Summary
Zoetis Inc. (ZTS) has entered into a $500 million senior unsecured revolving credit facility with a 364-day maturity. This new credit agreement, effective July 27, 2018, provides financial flexibility and is set to mature shortly after the one-year mark, with an option to convert outstanding loans into term loans. The facility is structured to be flexible, allowing for prepayments without penalty and offering interest rate options based on either a base rate or a Eurodollar rate, plus applicable margins that are tied to Zoetis's public debt ratings. A key immediate use of this credit facility was to finance a portion of the cash consideration for the previously announced acquisition of Abaxis, Inc., which closed on July 30, 2018. The agreement includes financial covenants such as a maximum total leverage ratio and a minimum interest coverage ratio, alongside customary affirmative and negative covenants. This move signals Zoetis's strategic use of debt financing to support growth initiatives and manage liquidity.
Key Highlights
- 1Zoetis secured a new $500 million, 364-day senior unsecured revolving credit facility.
- 2The credit agreement allows for the conversion of revolving loans into one-year term loans upon maturity.

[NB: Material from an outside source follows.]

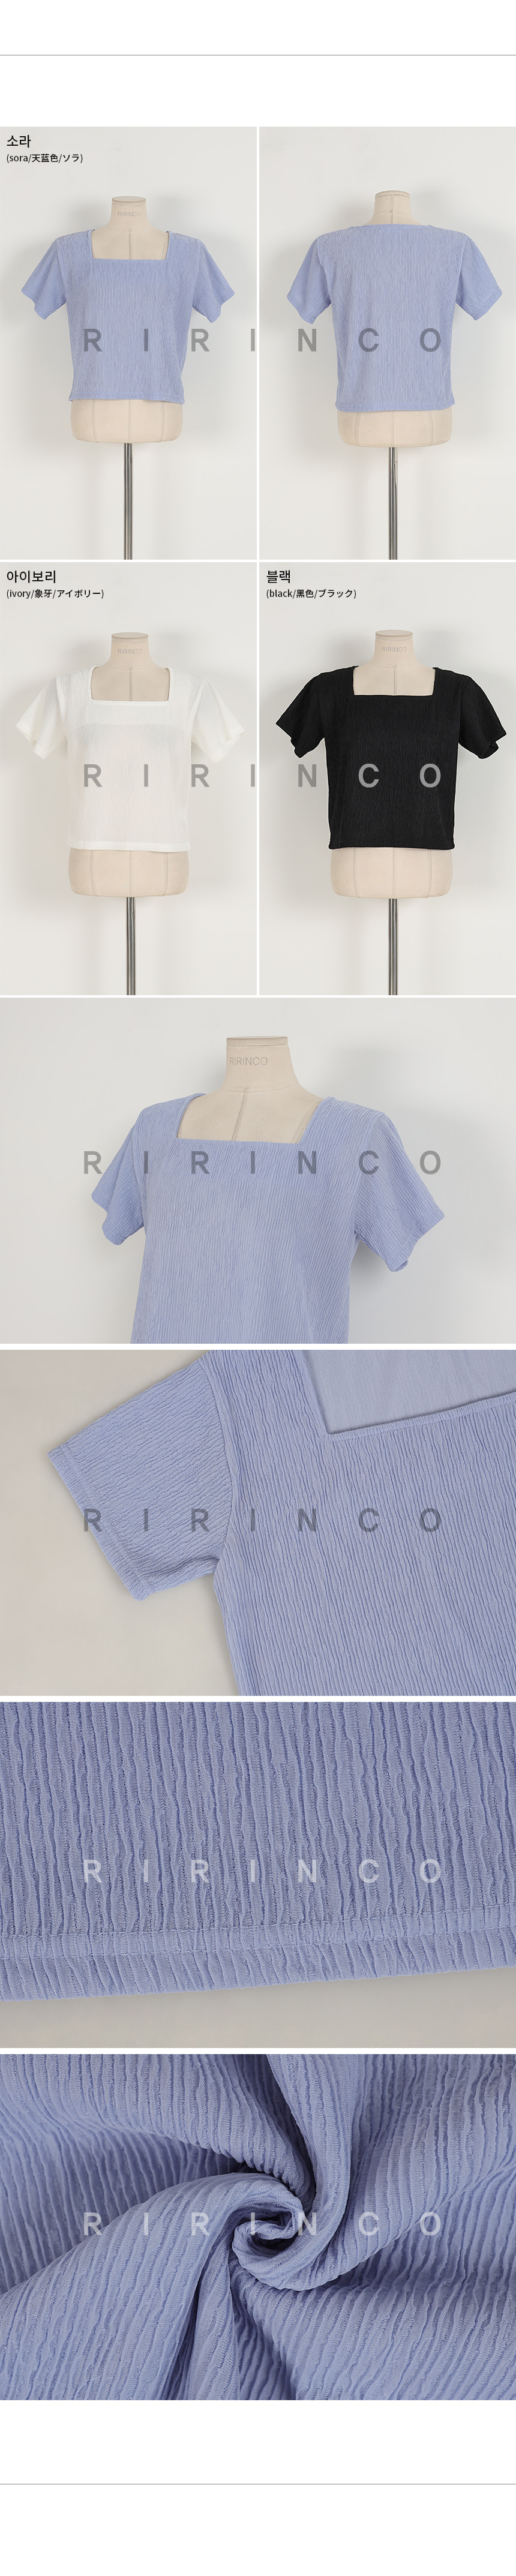 리리앤코 렝키 링클 스퀘어넥 티셔츠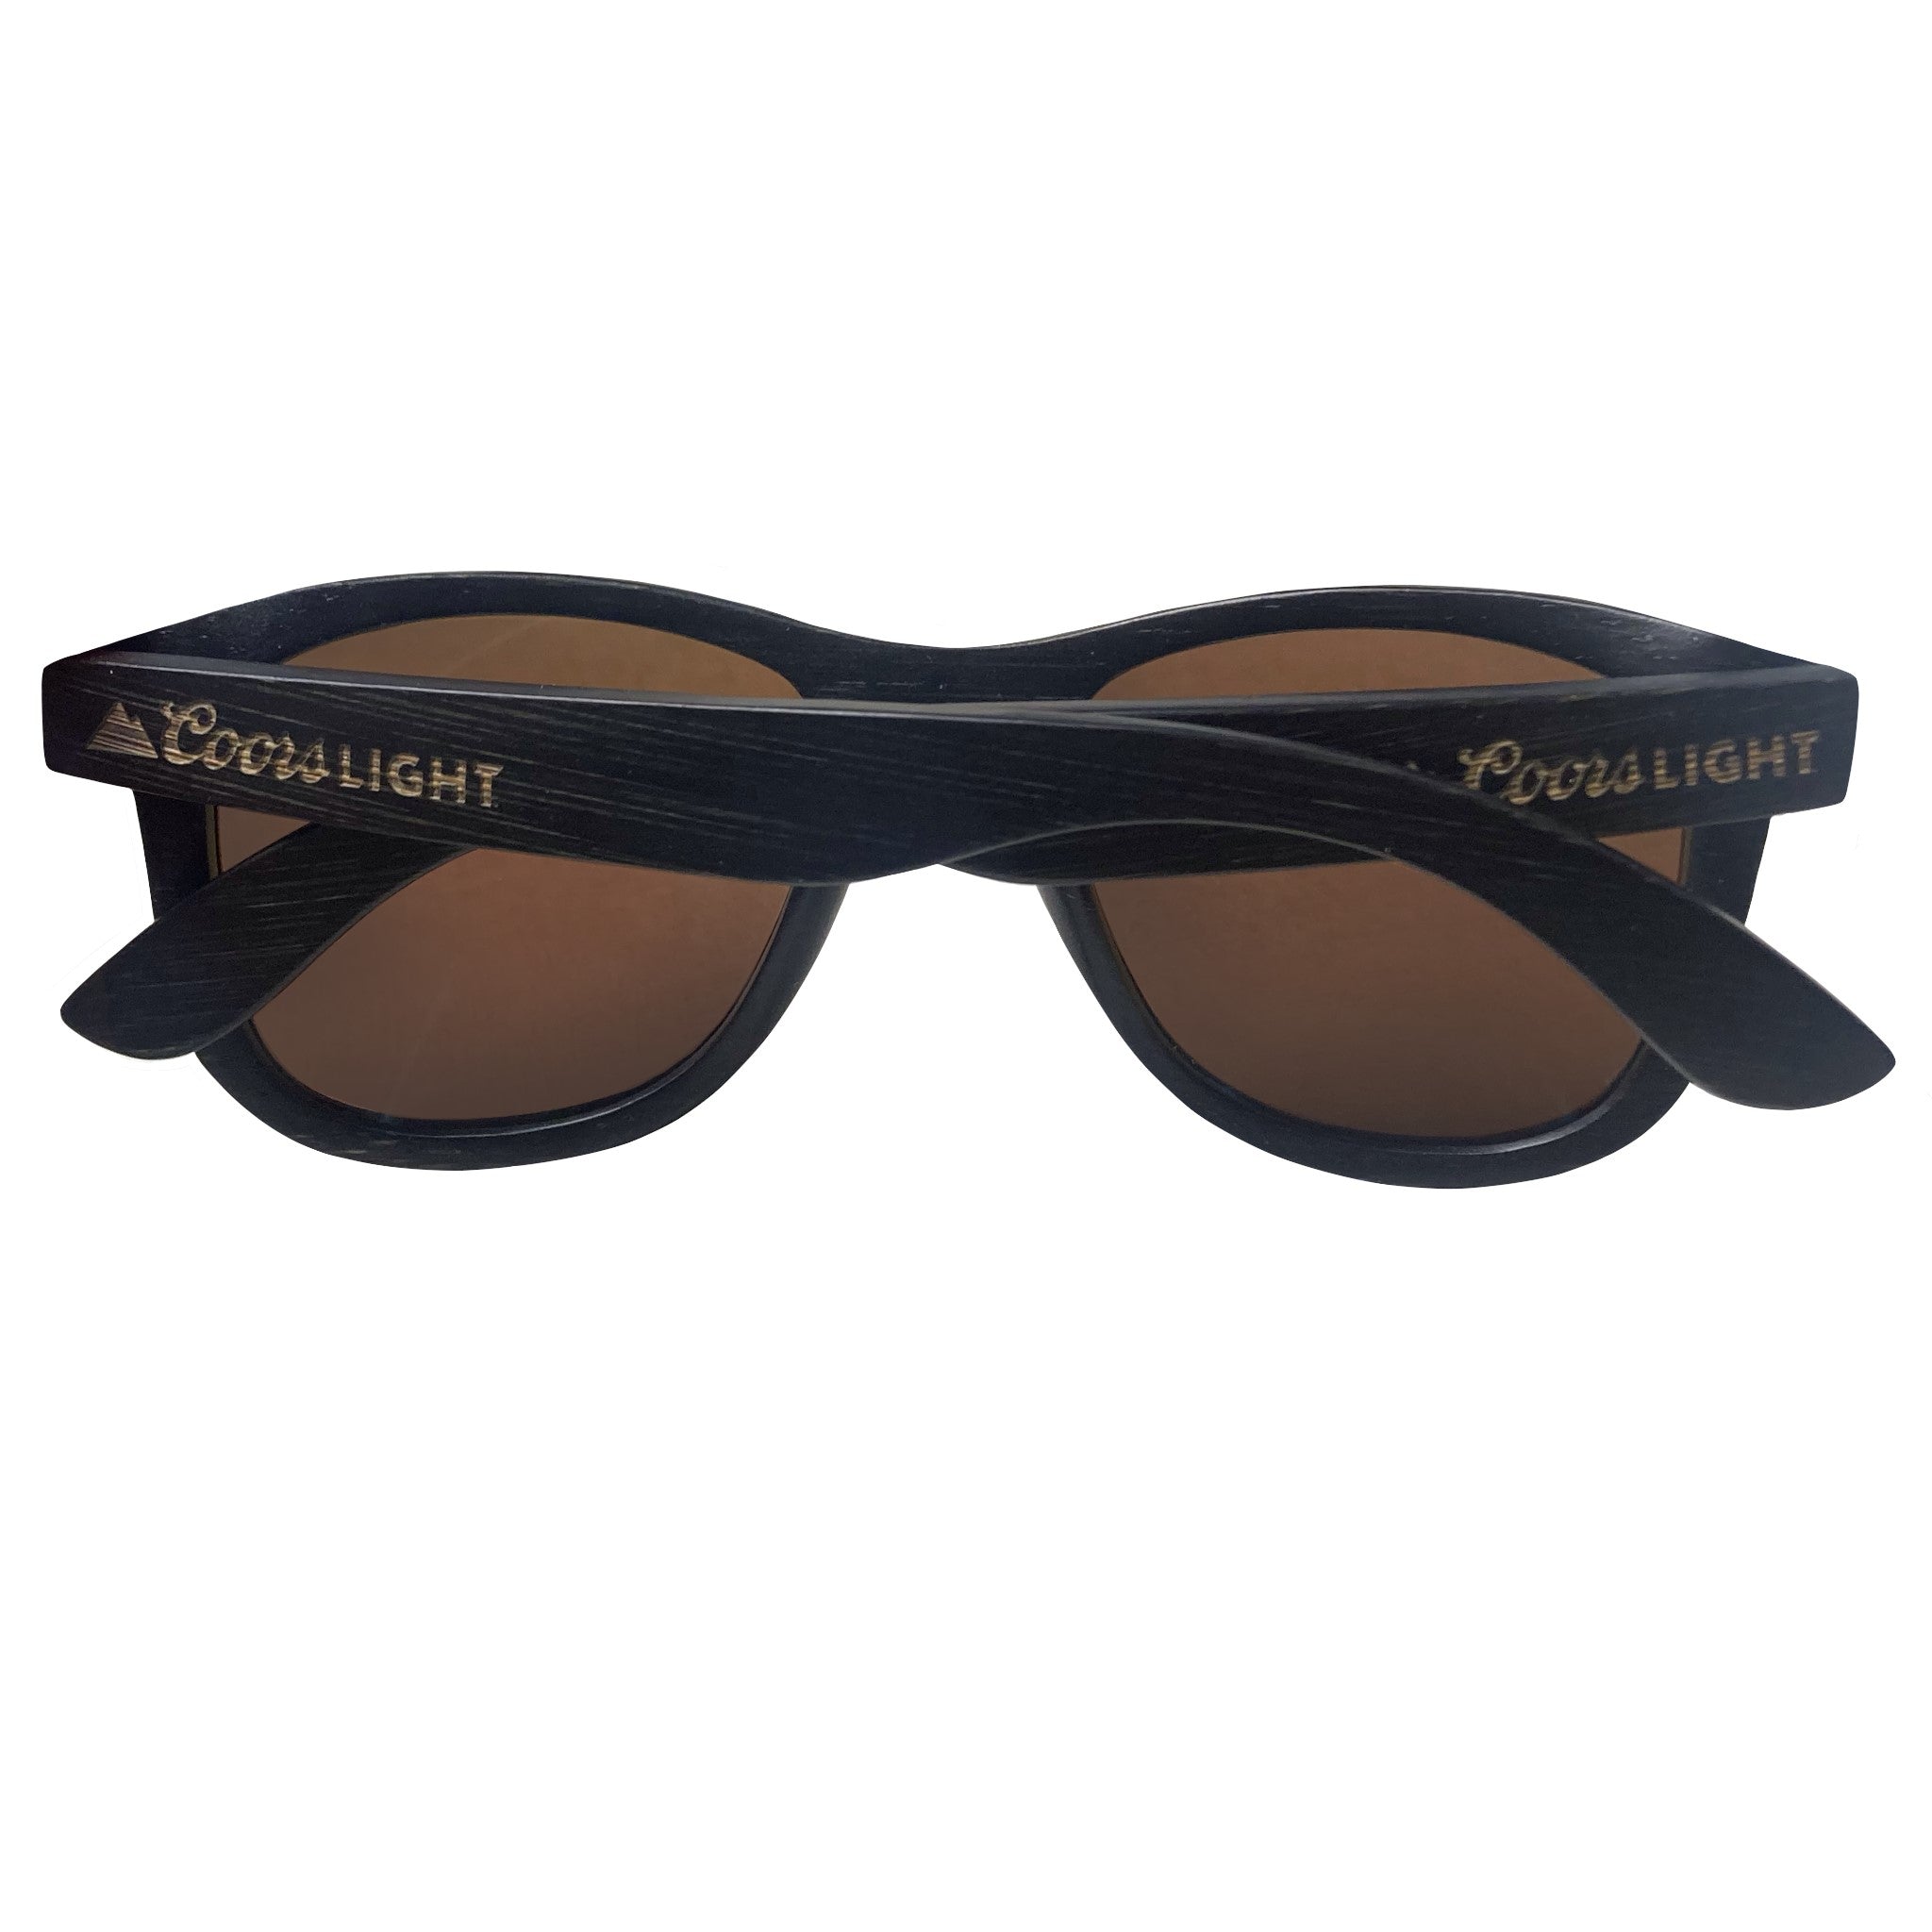 Glassy Wood Frame Sunglasses – Coors Light Shop

- 3The facility provides flexibility with options for base rate or Eurodollar rate interest, subject to applicable margins and a facility fee.
- 4The credit line was immediately utilized to partially fund the acquisition of Abaxis, Inc.
- 5The agreement includes financial covenants: maximum total leverage ratio and minimum interest coverage ratio.
- 6Customary affirmative and negative covenants are in place, restricting certain corporate actions.
- 7The credit facility is not guaranteed by Zoetis's subsidiaries.